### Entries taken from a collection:
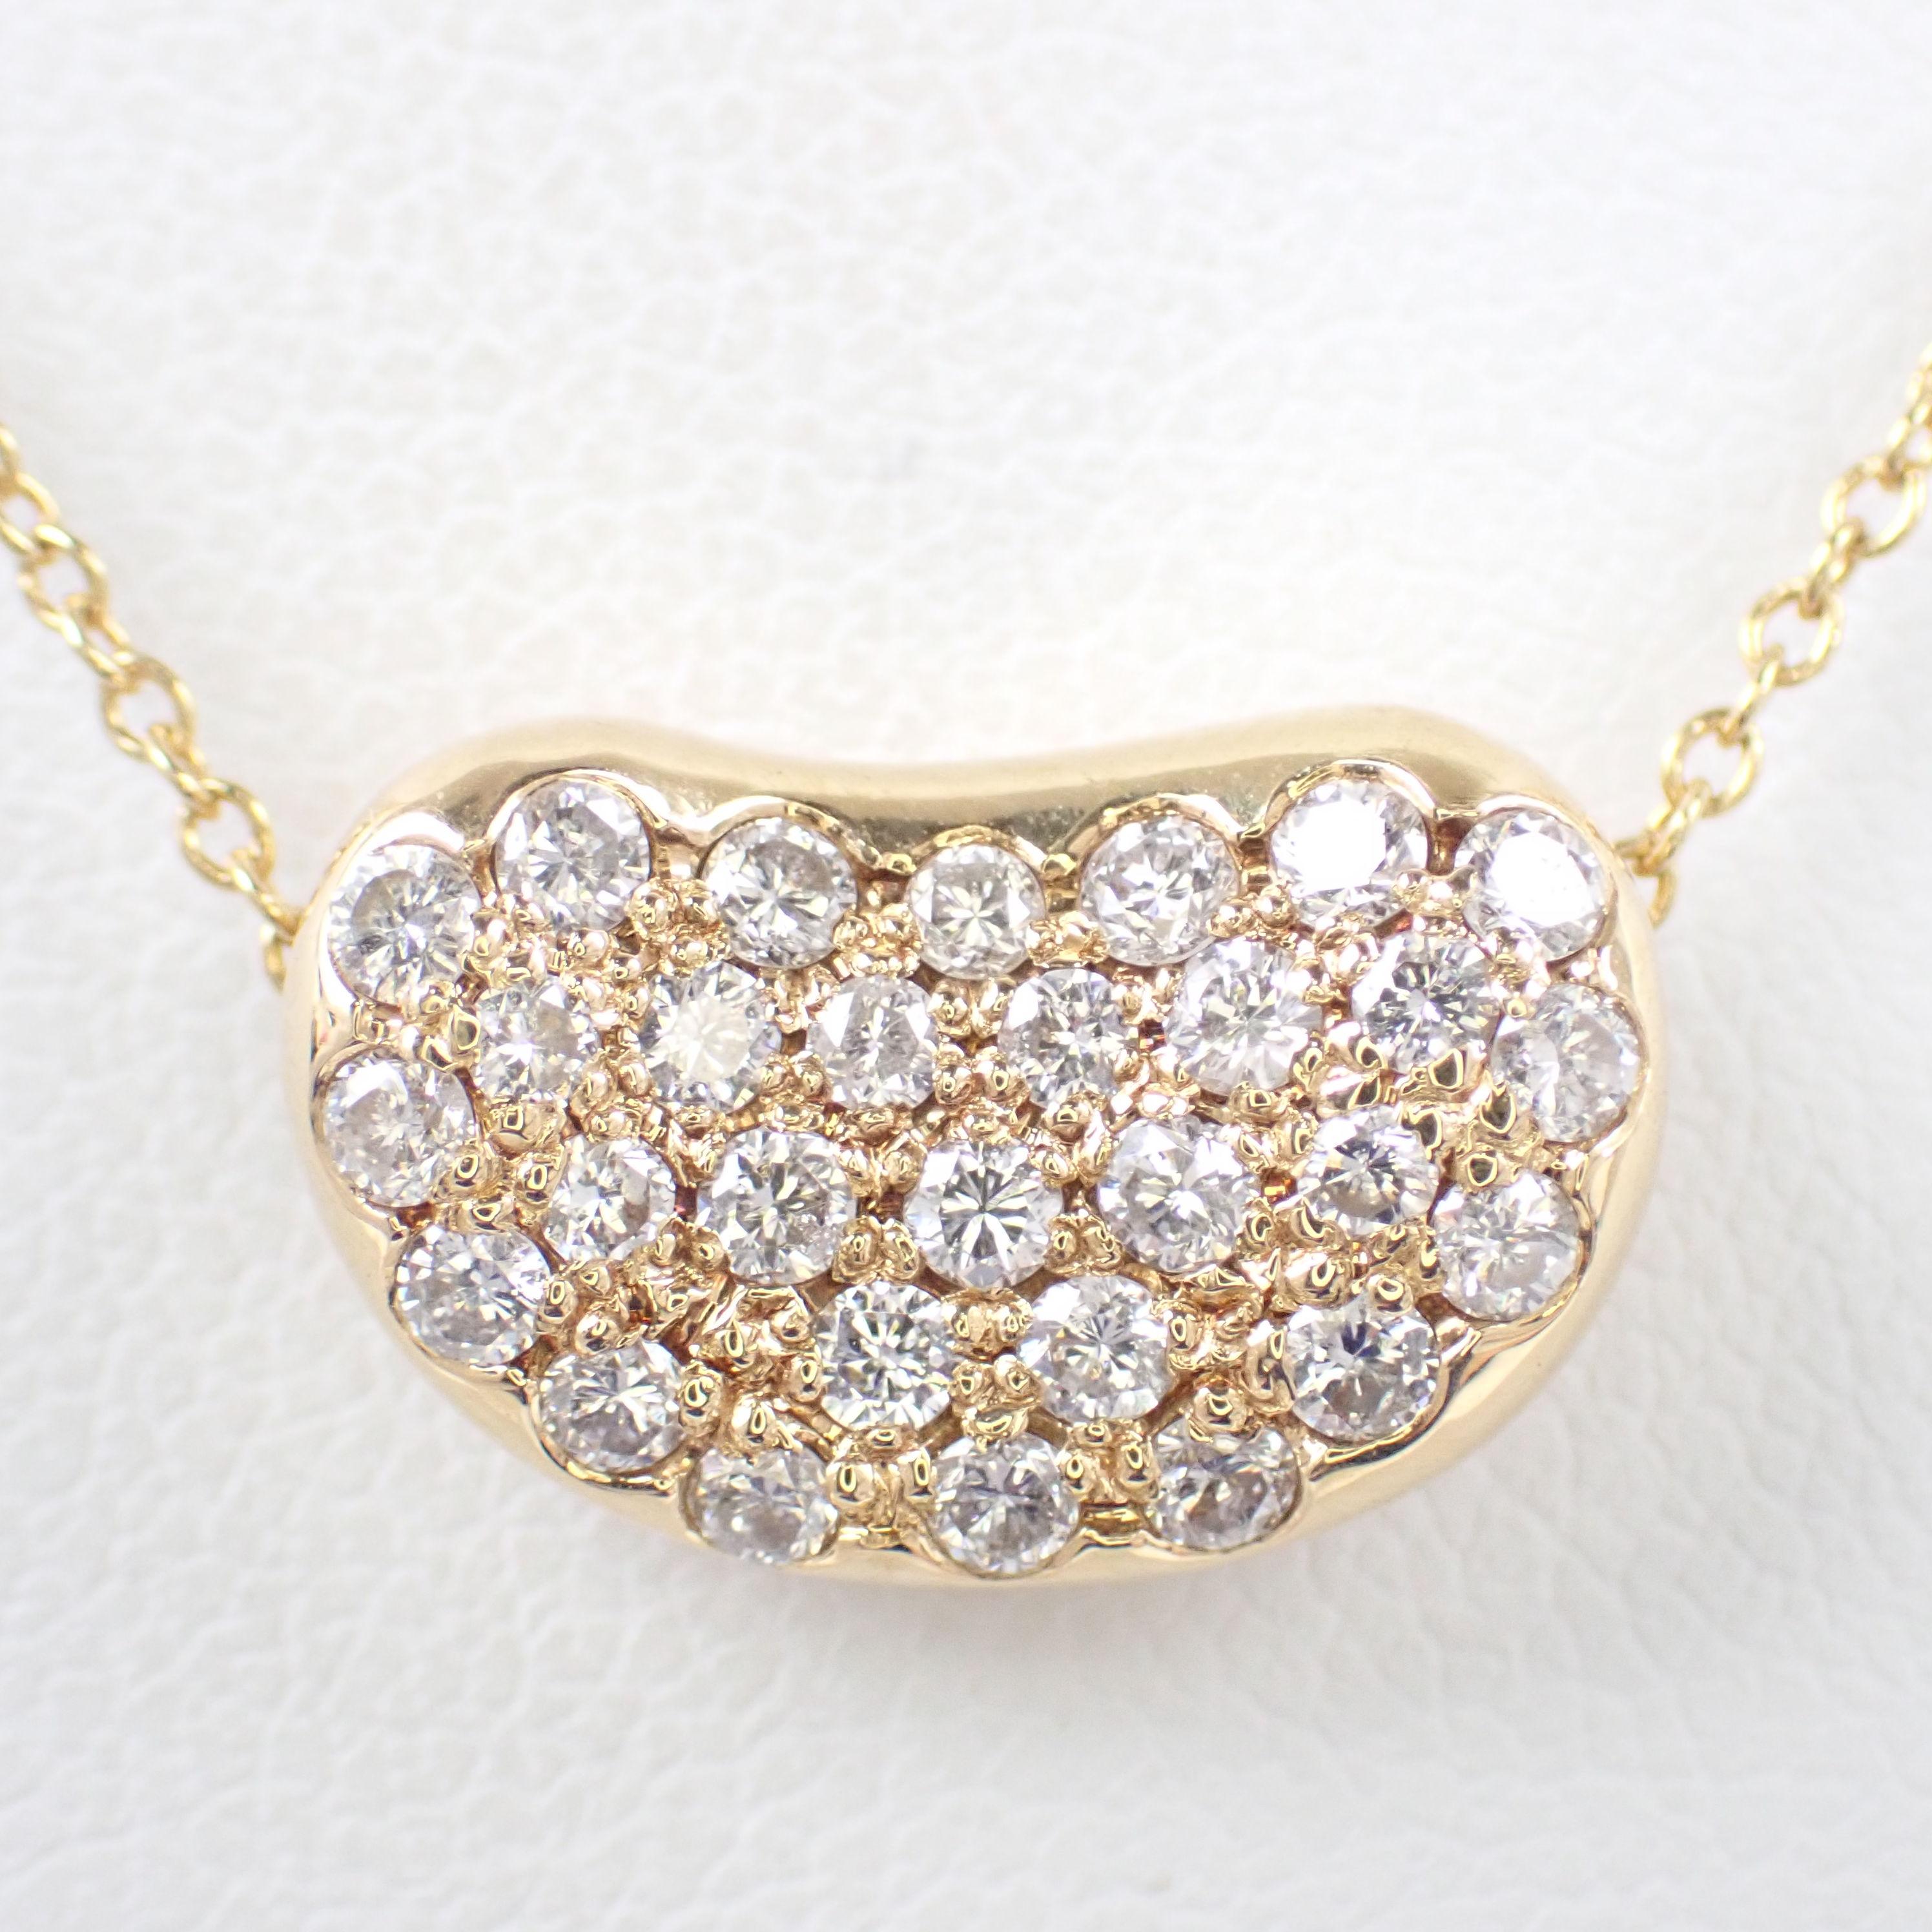 Brand : Cartier 
Description: Bean Diamond Necklace 
Metal Type:  750PG/ Yellow Gold
Total Weight:  6.6g
Width:  16 in (406.4 mm)
Condition: Preowned; small signs of wearing
Box -   Not Included
Papers -  Not Included

### The problem:
Each line from the one containing "750PG/ Yellow Gold" to the final line of the entries above must be returned exactly, and no other line may appear.

### Solution to this task:
Metal Type:  750PG/ Yellow Gold
Total Weight:  6.6g
Width:  16 in (406.4 mm)
Condition: Preowned; small signs of wearing
Box -   Not Included
Papers -  Not Included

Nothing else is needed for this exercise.